Mozambique: Ancuabe Graphite Mine to Reopen

Published on 15th July 2008

The graphite mine in Ancuabe, in the Northern Mozambican Province of Cabo Delgado, is to resume operations by 2009 in response to the rising price of graphite on the world market. A tender was launched two months ago for bids for the operation of the mine, and the government's intention is to have it in production again by 2009. The bids are due to be opened in Maputo on Friday. The deputy national director of mines, Obete Matine, said there are now conditions for the mine to resume activities, because the prices of graphite are recovering in the international market, particularly due to the development of the electronics industry. The mines stopped operating in 1999 because of high production costs. At that time the only source of power was diesel-fired generators. On top of the enormous electricity cost came a 50 per cent tumble in the international price of graphite. When sales of graphite could not cover the costs of production, the mine closed.

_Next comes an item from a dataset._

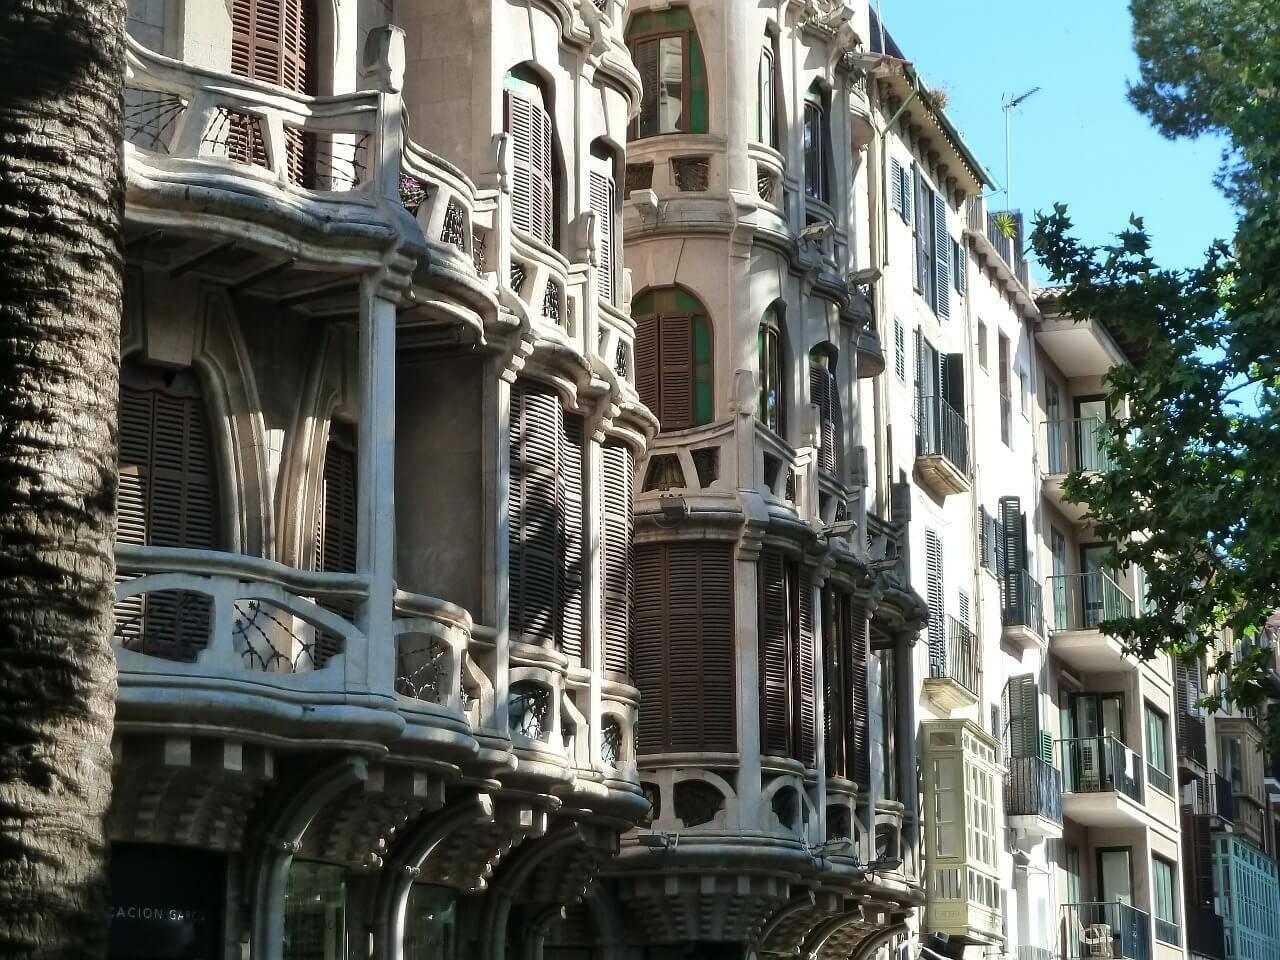 Palma de Mallorca modernista
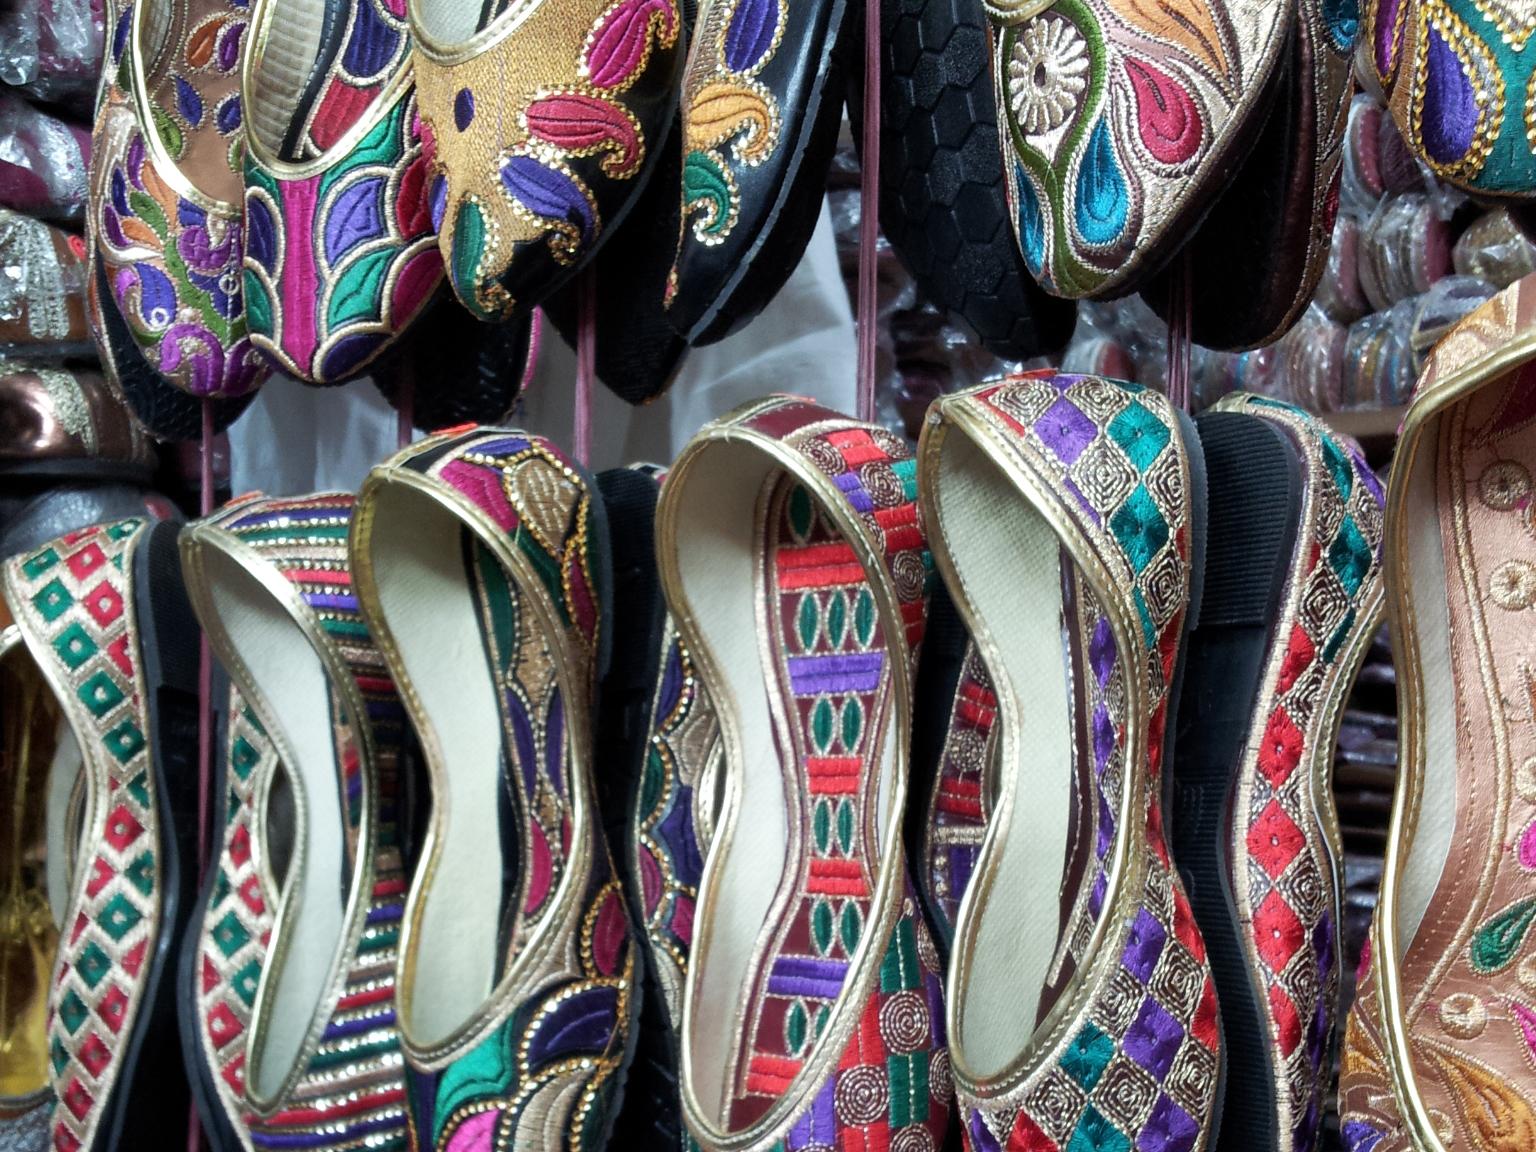 comprar en India. compras in india, compras en nueva delhi

UN Has No Influence on ICC, Ban Tells Sudanese President

Secretary-General Ban Ki-moon has emphasised to Sudanese President Omar Al-Bashir the independence of the International Criminal Court, amid reports that ICC Prosecutor Luis Moreno-Ocampo is preparing to seek an indictment against the African Head of State. During a telephone conversation with Mr. Al-Bashir, Ban stressed that the UN Secretary-General does not have any influence on the ICC Prosecutor. He also indicated to the President that he was concerned by a declaration made by the Permanent Representative of Sudan which linked the initiative of the ICC Prosecutor with the two UN peacekeeping operations deployed to Sudan. 

FAO Initiative to Counter Soaring Food Prices 

To help small holder farmers and vulnerable households lessen the negative effects of rising food prices and agricultural inputs, the Food and Agriculture   Organization of the United Nations (FAO) have approved a series of projects in 54 countries for a total value of US$ 21 million. The effort is to make available agricultural inputs, such as seeds and fertilizers, to increase food production. FAO said that increased food production would help cushion small farmers, who often have to buy a part  of their food from markets with rising food prices. This would lead to a surplus production that could be sold, thus helping to bring price back down.       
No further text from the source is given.